CPG marketers had 4 of the 10 most-viewed ads on YouTube in 2016. These included Skittles’ The Portrait with Steven Tyler at 24.2 million views, Always’ #LikeA Girl - Keep Playing at 27.8 million views, Mountain Dew's Puppymonkeybaby at 27.8 million views, and Knorr's #LoveAtFirstTaste at 60.4 million views. The Skittles and Mountain Dew spots were Super Bowl commercials running at :60 and :30 respectively, and each used the broad and quirky humor that plays well in that TV event (and the puppy, monkey and baby videos that are most watched online).
The Always and Knorr ads, at :60 and 1:80, respectively, each show an understanding that their brands have to earn both viewership and shareability by more than a quick laugh. Always tethers its brand to a social issue — the loss of confidence in young women during puberty — when they are also developing brand relationships with feminine products. And urges girls to keep playing sports even when society may suggest quitting.

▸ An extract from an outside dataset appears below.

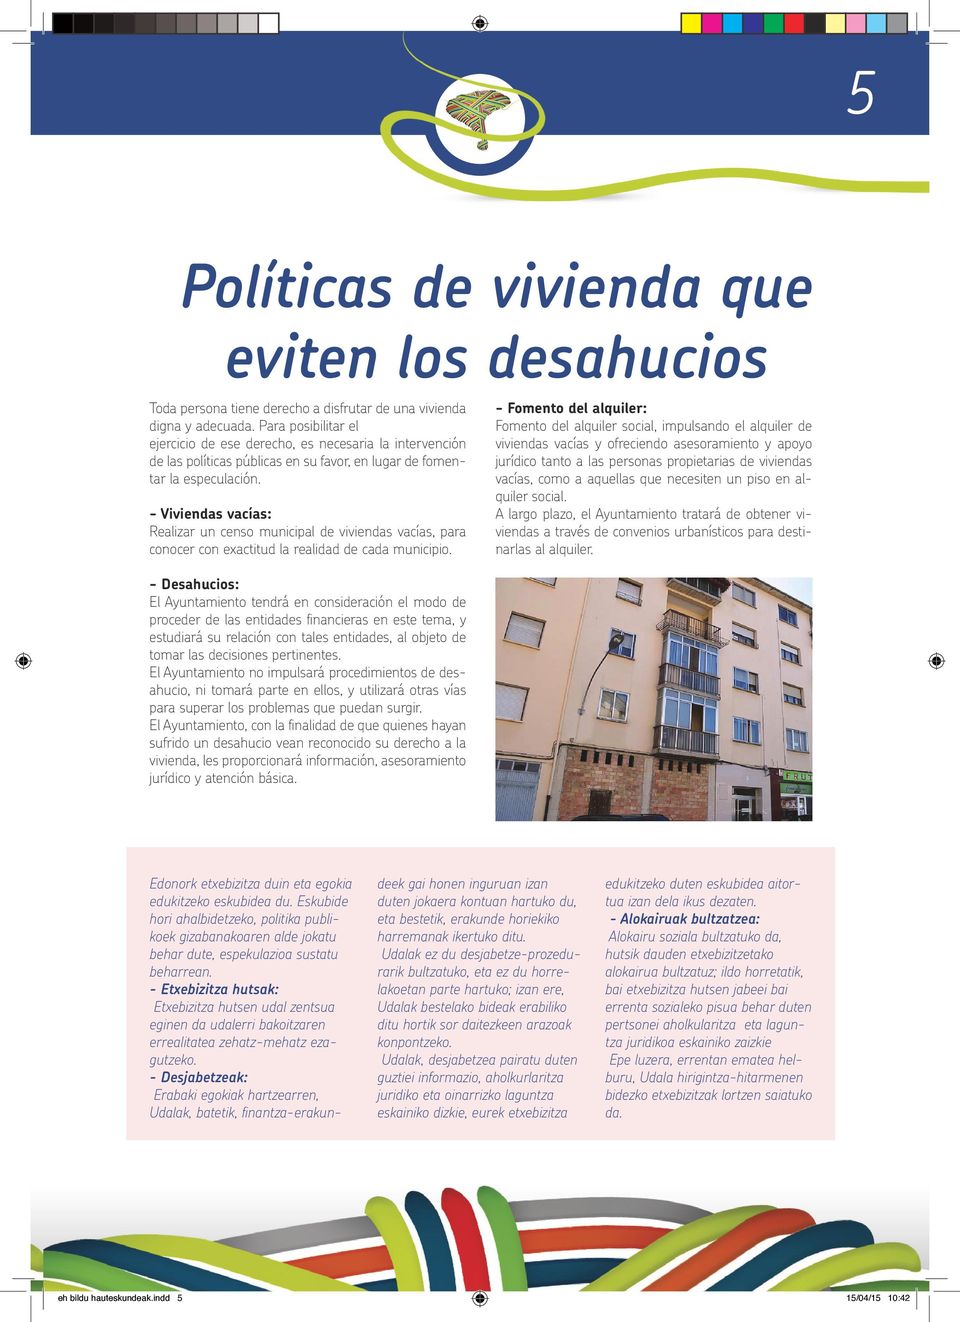 - Viviendas vacías: Realizar un censo municipal de viviendas vacías, para conocer con exactitud la realidad de cada municipio.

Knorr inserts itself in the minds of millennials with whom it wants to establish brand consideration by asking, "Can flavor help you find love?” Individual men and women are first asked about their relationships, and then paired up and given the challenge to feed each other. And, yes, flavor appears to help them find love.
Each of these brands has "not just joined, but added to the cultural conversation" as described by Kate Sanford, managing director of YouTube's global ad marketing. And in doing so, they've created brand stories much bigger and more compelling than their products. Isn't that what branding is really all about?
These brands show us that even in an age of hyper-targeting, it is still possible (albeit tougher) to be broadly popular by earning viewers, and brand fans, beyond the buyers of your category. That's breaking down the limitations of the media and advertising echo chamber. Just as a great politician reaches across the aisle, around the world and over time with content that doesn't just play to the base (e.g., "Ask not what your country..." or, "Mr. Gorbachev...") today's great CPG ads will work first for their immediate audience but then ripple out like the proverbial stone thrown into the pond, to resonate with concentric circles of new fans. This kind of echo chamber-breaking success requires the same thing great advertising has always required - the willingness to think big, and the creativity to tap into the human condition with true insight.